Effective from Walgreens Boots Alliance second quarter FY2021
earnings, the businesses sold will be classified as “businesses
held for sale” with FY2020 revenues of approximately $19 billion,
and adjusted EBITDA of approximately $540 million. Walgreens Boots
Alliance expects FY2021 adjusted EBITDA to be in the range of $575
million to $580 million for these Alliance Healthcare businesses.
The transaction will be slightly dilutive in the current financial
year for Walgreens Boots Alliance, but will be accretive
longer-term.
Advisors
J.P. Morgan Securities LLC is serving as exclusive financial
advisor and Cravath, Swaine & Moore LLP, Hogan Lovells
International LLP and Morgan, Lewis & Bockius LLP are serving
as legal advisors to AmerisourceBergen. Fully committed financing
for the transaction has been provided by JPMorgan Chase Bank, N.A.
Centerview Partners is serving as financial advisor and Cleary
Gottlieb Steen & Hamilton LLP and Baker McKenzie LLP are
serving as legal advisors to Walgreens Boots Alliance.
Conference Call Information
AmerisourceBergen will host a conference call today at 8:30 a.m.
ET. Participating in the conference call will be:
- Steven H. Collis, Chairman, President & Chief Executive
Officer
- James F. Cleary, Executive Vice President & Chief
Financial Officer
The dial-in number for the live call will be (844) 808-6694.
From outside the United States, dial +1 (412) 317-5282. The live
call will also be webcast via the Company’s website at
investor.amerisourcebergen.com.

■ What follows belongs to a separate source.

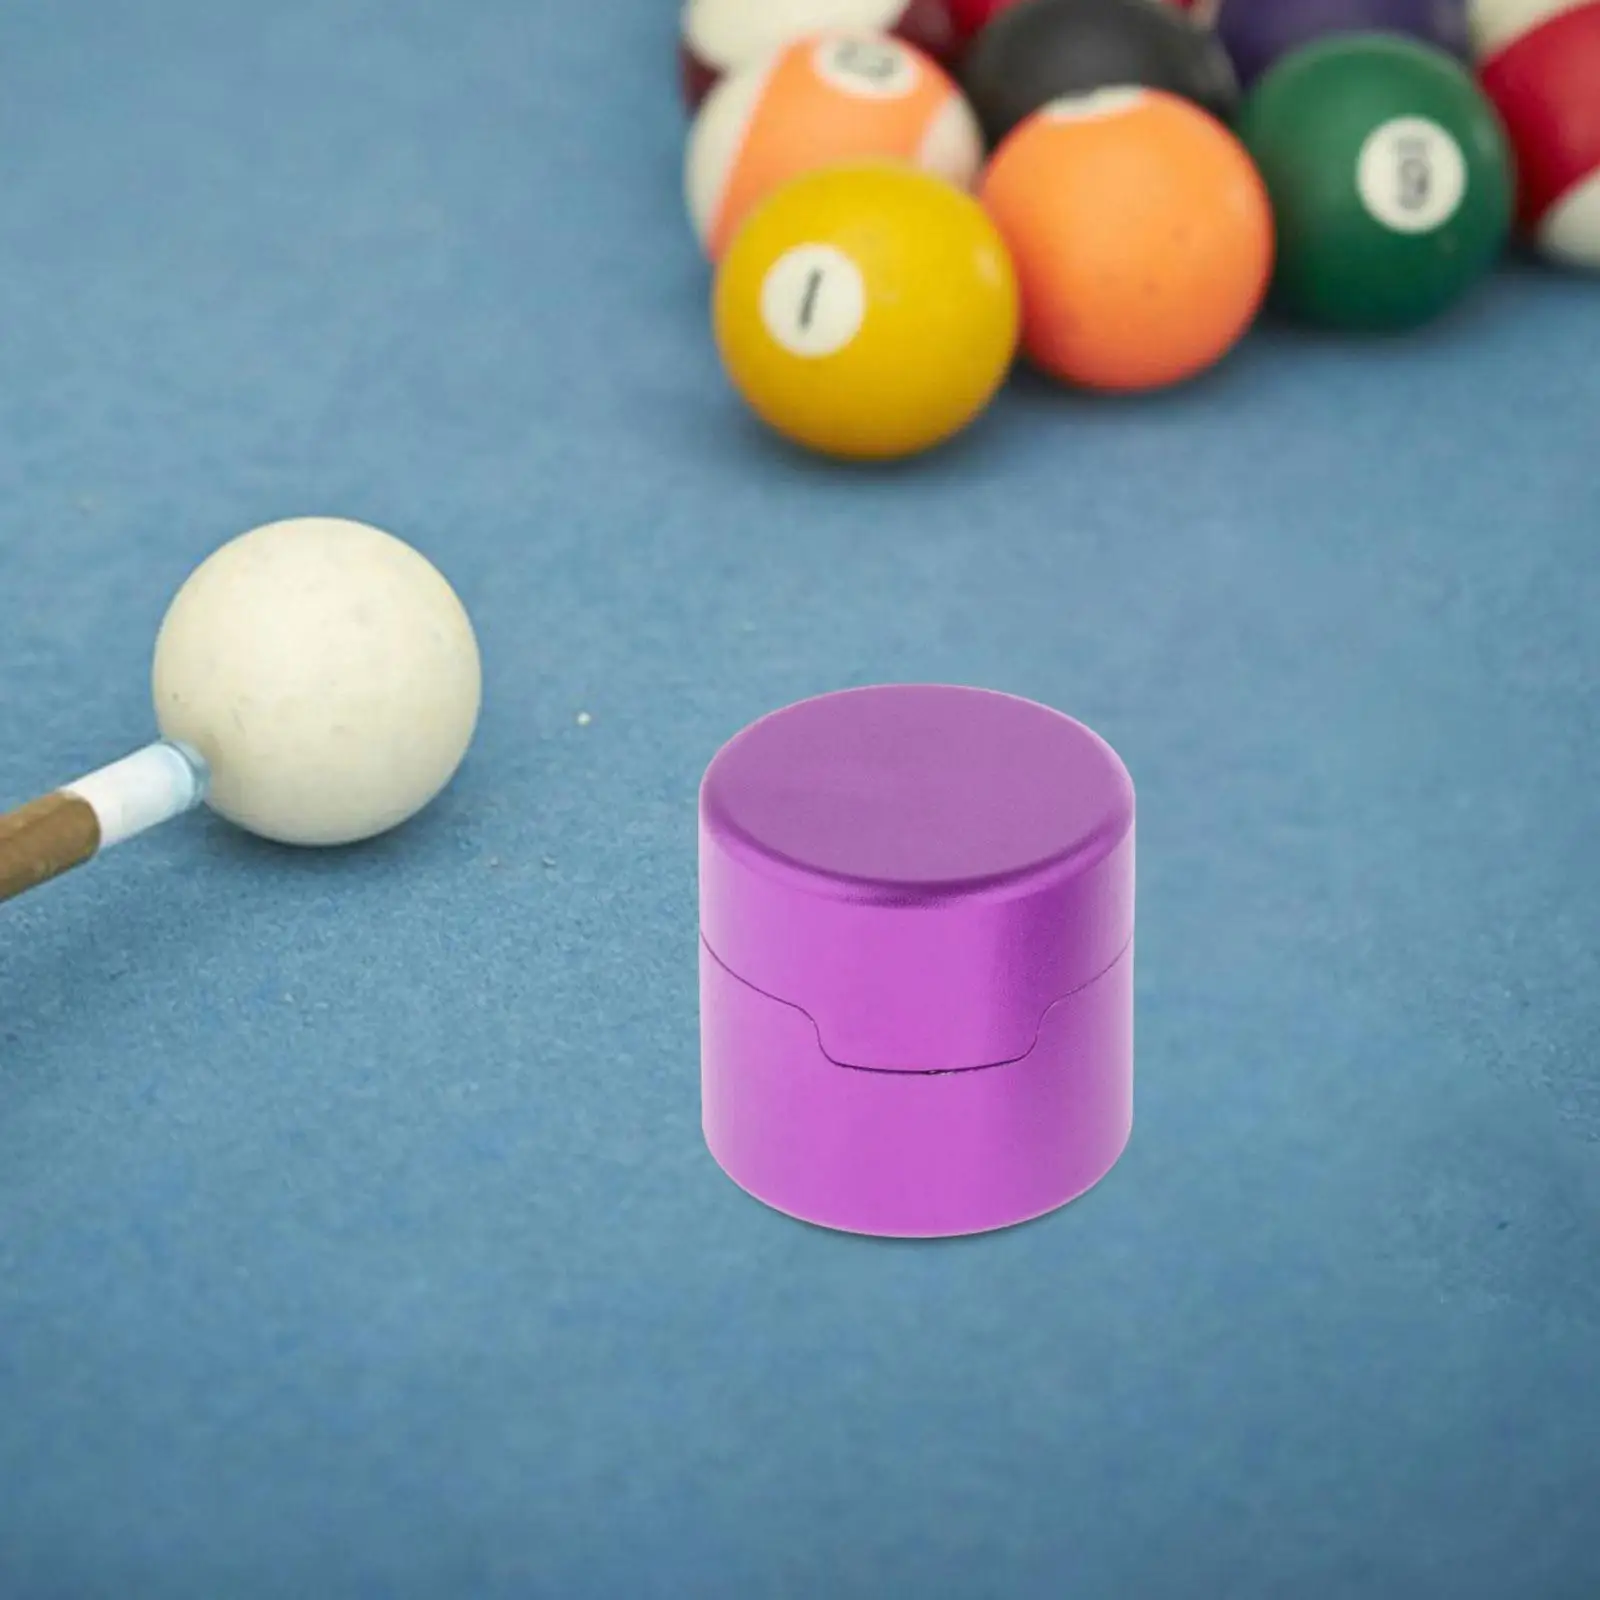 Pool Cue Chalk Holder Round Shaped Cup Box Carrier Case Easy to Use Mini Container Organizer Aluminum Alloy Snooker Accessories

Users are encouraged to log on to
the webcast approximately 10 minutes in advance of the scheduled
start time of the call.
Replays of the call will be made available via telephone and
webcast. A replay of the webcast will be posted on
investor.amerisourcebergen.com approximately two hours after the
completion of the call and will remain available for 30 days. The
telephone replay will also be available approximately two hours
after completion of the call and will remain available for seven
days. To access the telephone reply from within the U.S., dial
(877)-344-7529. From outside the U.S., dial +1 (412)-317-0088. The
access code for the replay is 10151119.
About AmerisourceBergen
AmerisourceBergen provides pharmaceutical products,
value-driving services and business solutions that improve access
to care. Tens of thousands of healthcare providers, veterinary
practices and livestock producers trust us as their partner in the
pharmaceutical supply chain. Global manufacturers depend on us for
services that drive commercial success for their products. Through
our daily work—and powered by our 22,000 associates—we are united
in our responsibility to create healthier futures.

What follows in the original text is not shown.